_Your assignment:_ A faithful copy of the data is the goal; set it down exactly, without the images.

_Recorded information:_
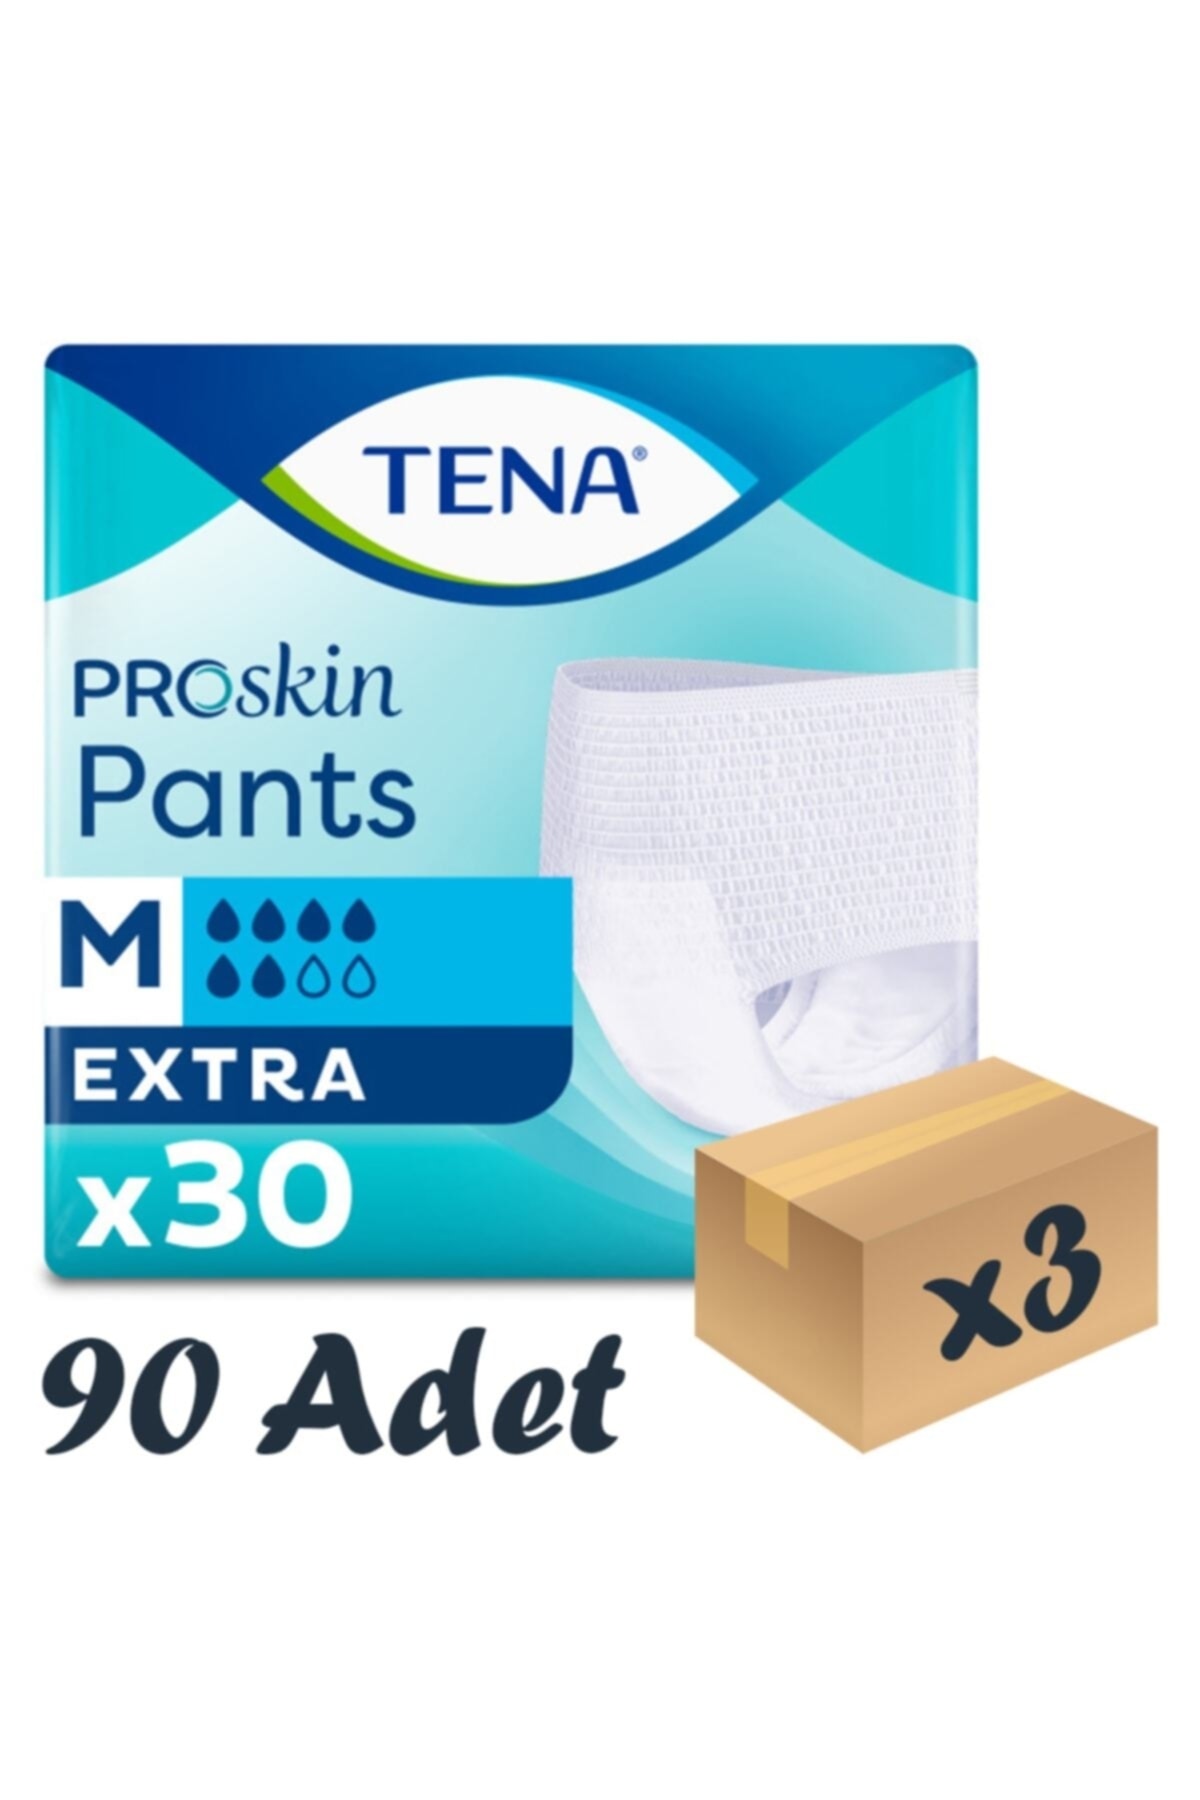 TENA Proskin Pants Extra Emici Külot Orta Boy m 6 Damla 30'lu 3 Paket 90 Adet
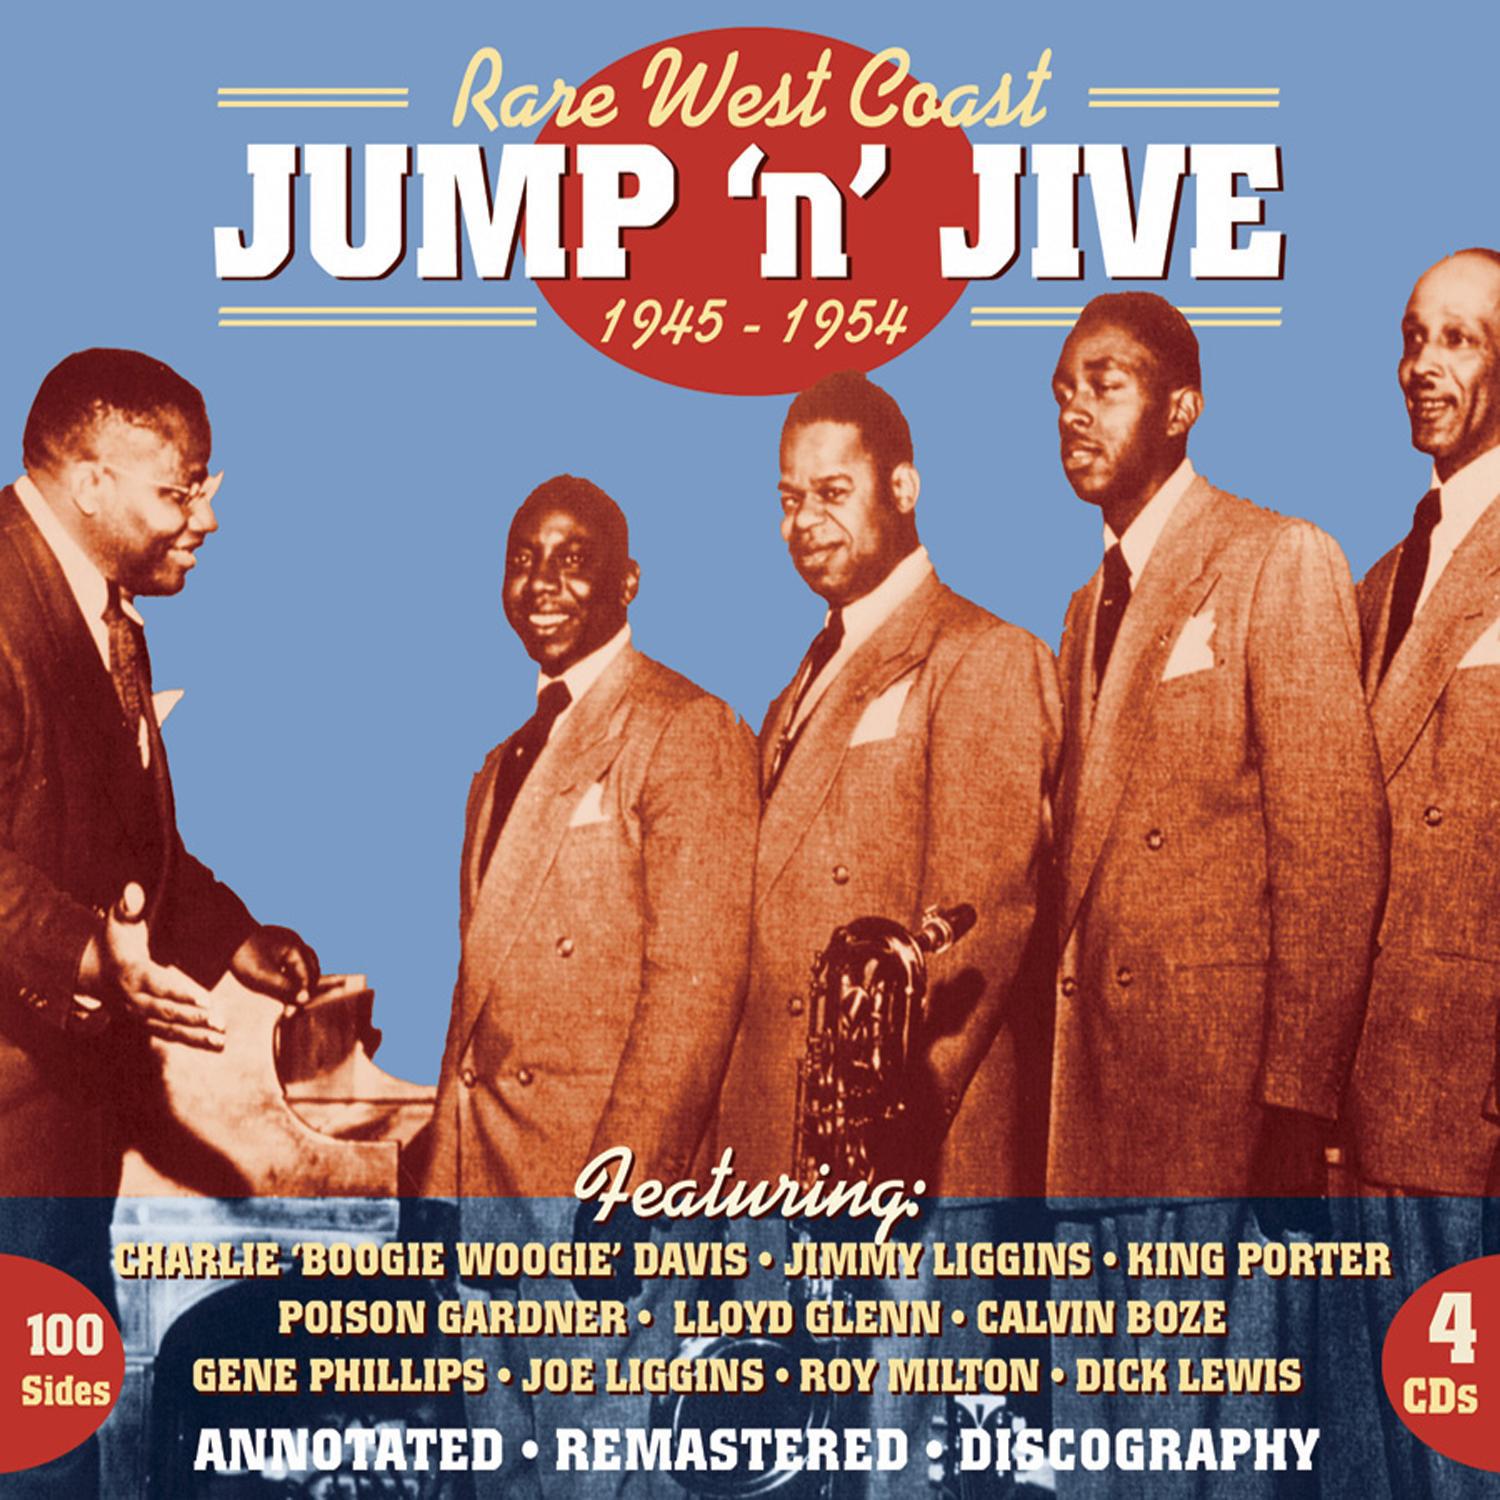 Rare West Coast Jump 'n' Jive 1945 - 1954
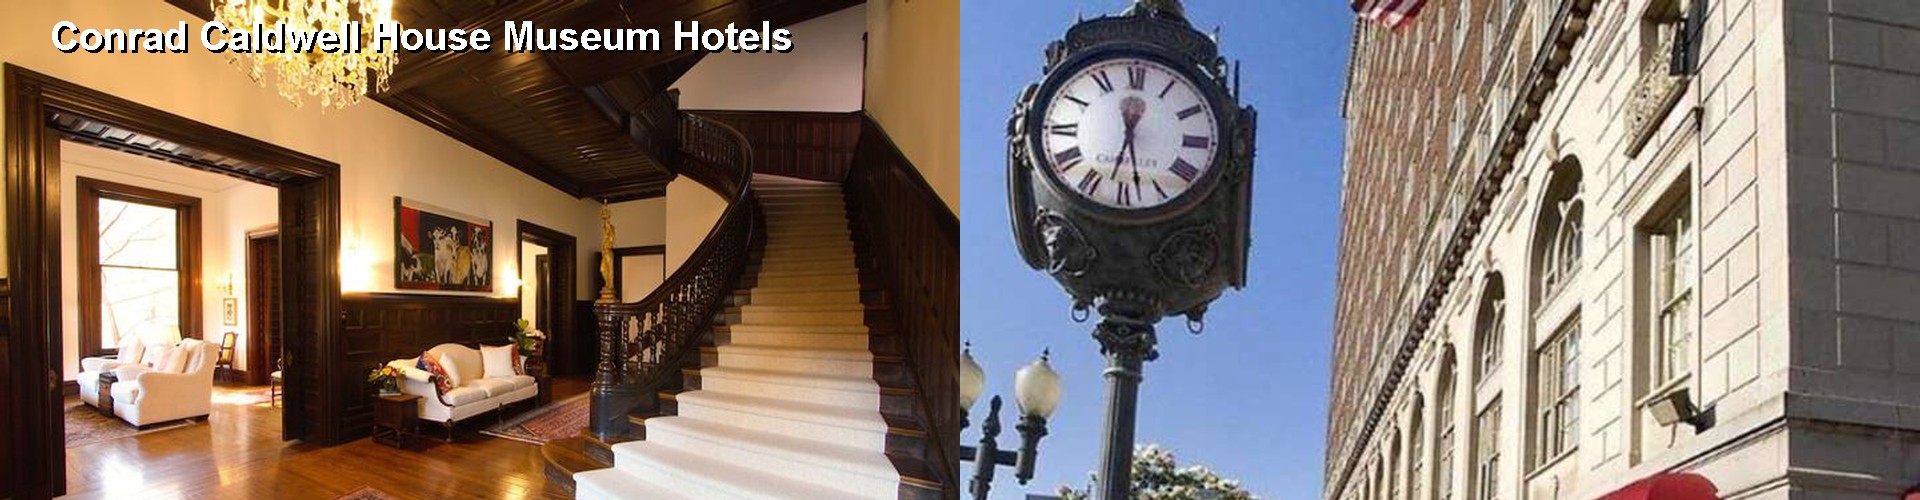 5 Best Hotels near Conrad Caldwell House Museum

_Result for this task:_
 TENA Proskin Pants Extra Emici Külot Orta Boy m 6 Damla 30'lu 3 Paket 90 Adet
 Rare West Coast Jump 'n' Jive 1945 - 1954
 5 Best Hotels near Conrad Caldwell House Museum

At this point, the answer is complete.